Bedeviyye’yi diğer tarikatlardan ayıran vasıf her şeyinin kırmızı oluşudur. Hz. Peygamber’in cuma ve bayram günlerinde kırmızı cübbe giymesinden kaynaklandığı yazılıdır. Seyyid Ahmed el-Bedevi, “Kendim için bu kırmızı sancağı ihtiyar ettim, hayatımdan ve ölümümden sonra da…” buyurmuş, vefatından sonra da bedeviler tarafından kırmızı örtü edinmek alamet-i farika sayılmıştır. Seyyid Ahmed el-Bedevi’nin ceddinden bilinen büyüklerin de kırmızı hırka giydikleri bilinmektedir. Bedevi dervişleri açık kırmızı renkte arap bedevilerinin kullandığı bir yaşmak da kullanmışlardır.

Rifaiyye, Bedeviyye ve Sadiyye tarikatlarında siyah, kırmızı beyaz ve yeşil renklerden kuşak (şed) bağlanmaktadır. Bedeviyyeninki kırmızıdır.

Şemle, deve yününden mamul edilen kırmızı renkte bir kumaştır. Başa sarıldığından imame adı da verilmiştir.

Sancak, kırmızı zemin üzerine etrafı yeşil kenarlı ve çerçerevelidir. Örtü zemini kırmızı olup sancak üzerine çeşitli ayeti kerime ve hadisi şerifler yazılıdır.

Bedevi tacı şerifi on iki dilimlidir. Pamuktan mamul edilip, kubbesi kırmızı çuhadandır. Kubbenin üzerinde aynı kumaştan ismi nebiye işaret eden bir düğme bulunur. Tacı üzerine yine kırmızı renkli bir destar sarılır.

Tığ-ı bend, yünden mamul bir ipliktir. Derviş kefene sarılırken şeyhi tarafından boğazına bağlanır ve ihvanın huzurunda üç Fatiha-i Şerif ile üç ukde yani düğüm bağlanır.
Birinci düğüm Hakk ile birliğine, ikinci düğüm Peygamber Efendimiz’in nübüvvetine, üçüncü düğüm Hz. Ali’nin velayetine dikkat çekilir.

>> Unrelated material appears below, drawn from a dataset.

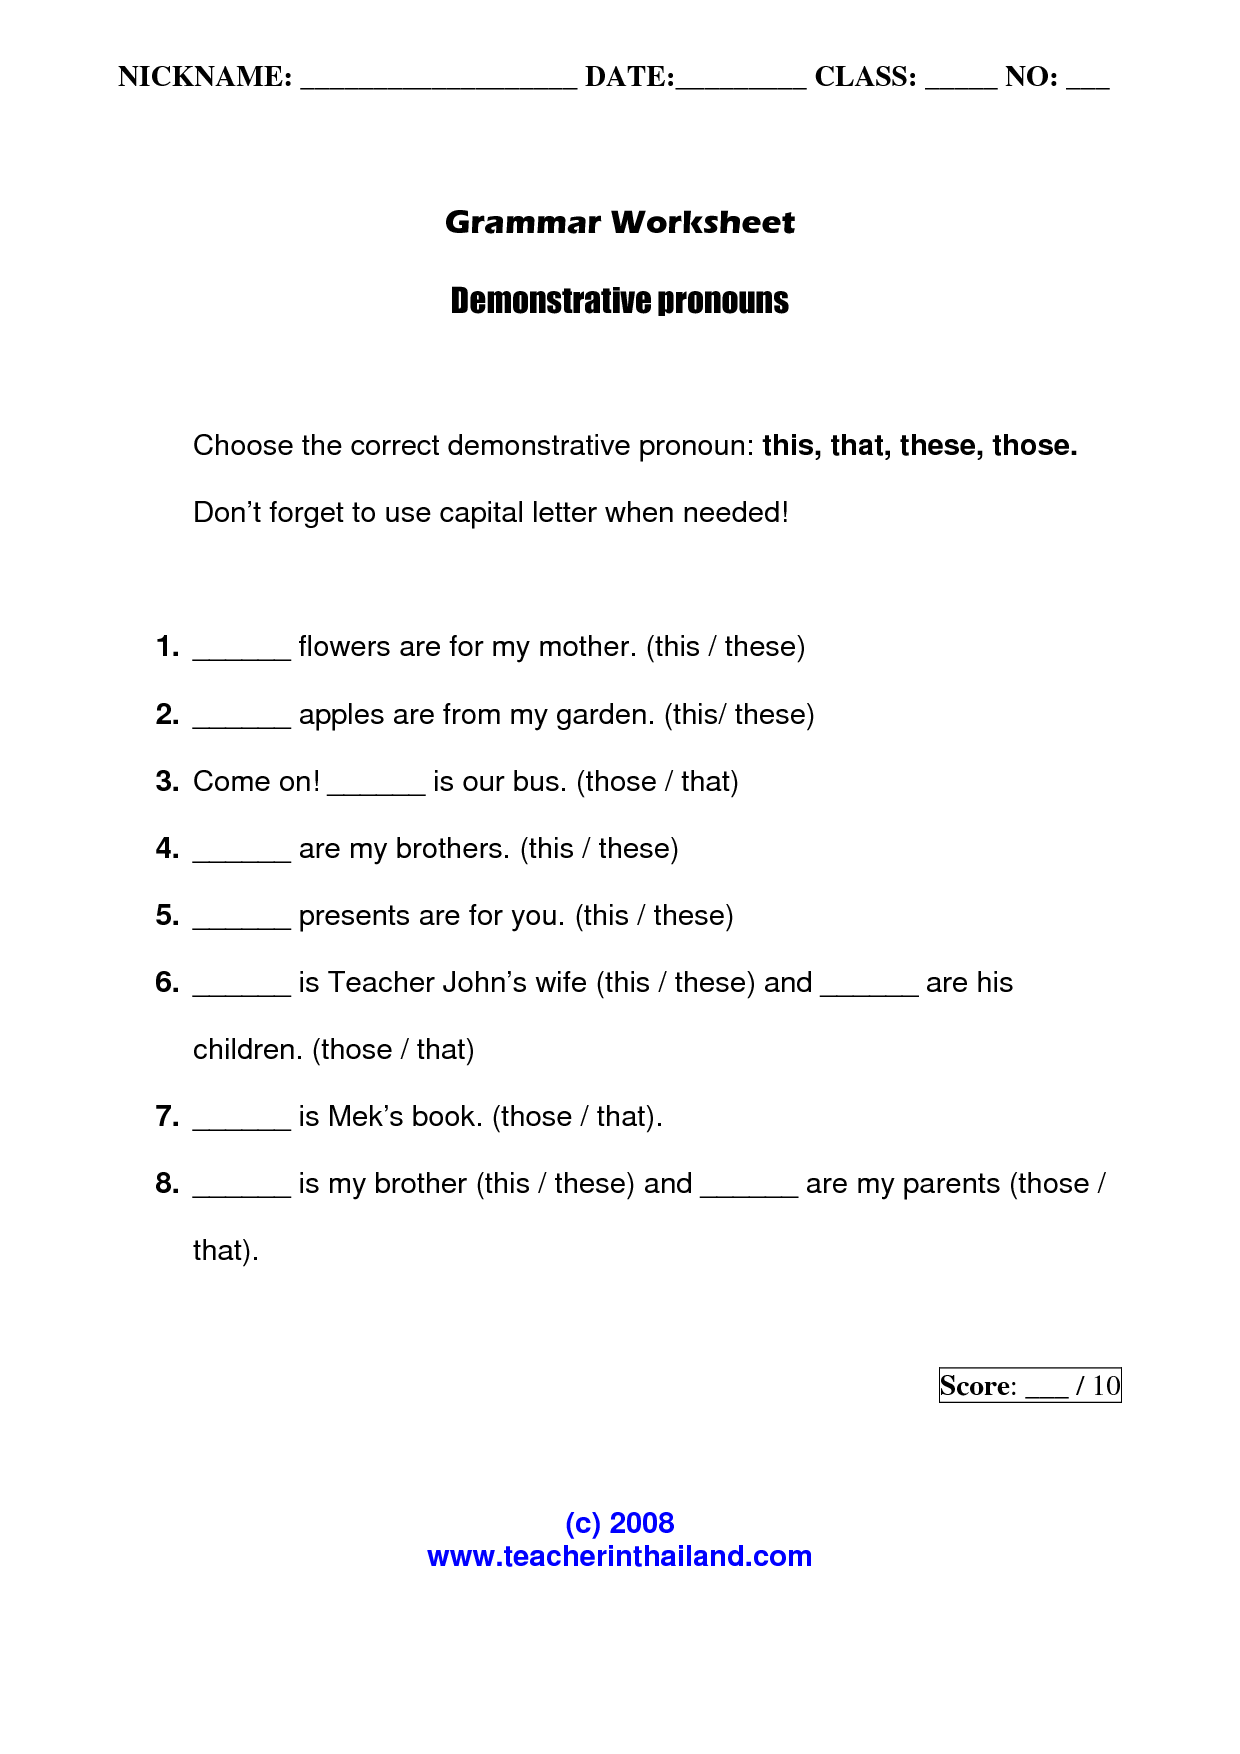 Demonstrative Pronouns Worksheet Image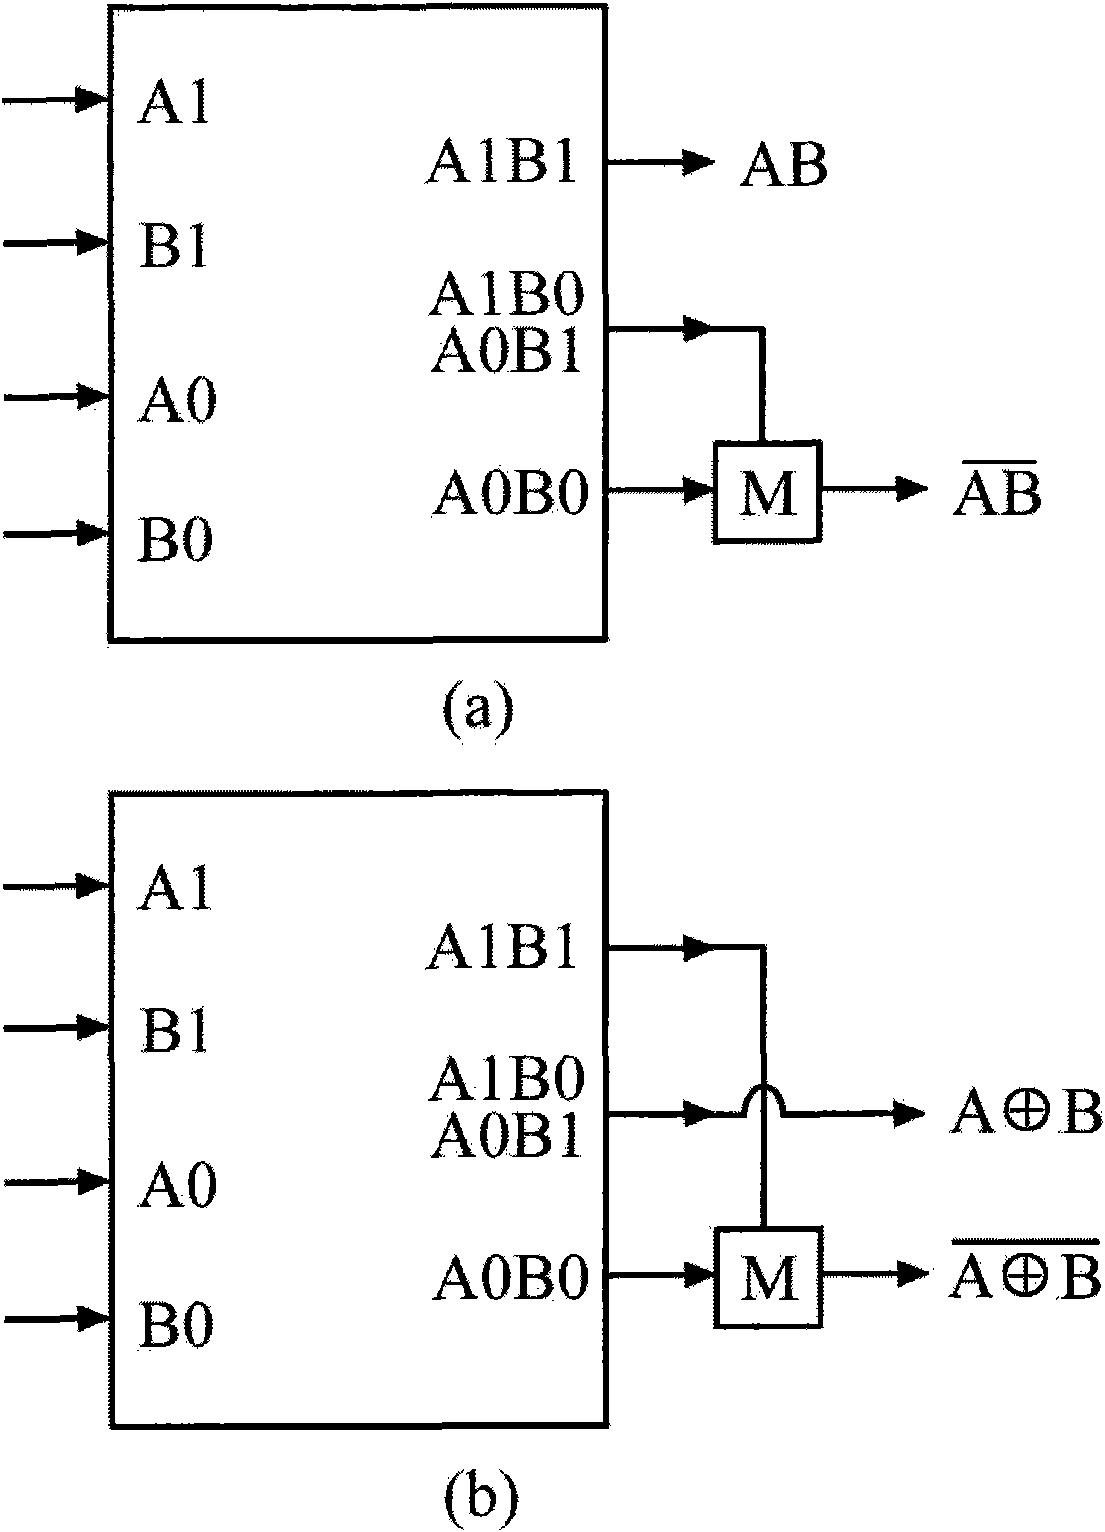 Resistive superconductive asynchronous bilinear logic universal gate circuit

Bedevi tekkelerinde mihrabın sol tarafında bulunan Bedevi sancağındaki arapça yazıda “ Hz. Peygamber buyurdu ki: Ebu Bekir ve Ömer bendendir, başımdaki gözlerim gibidir, Osman b. Affan ağzımdaki lisanım gibidir, Ali b. Ebu Talip bedenimdeki ruhum gibidir. Ali beşerin en hayırlısıdır. Kim bunu inkar ederse küfre girmiştir. Hayatımda ve vefatımda Ali benim halifemdir.” yazmaktadır.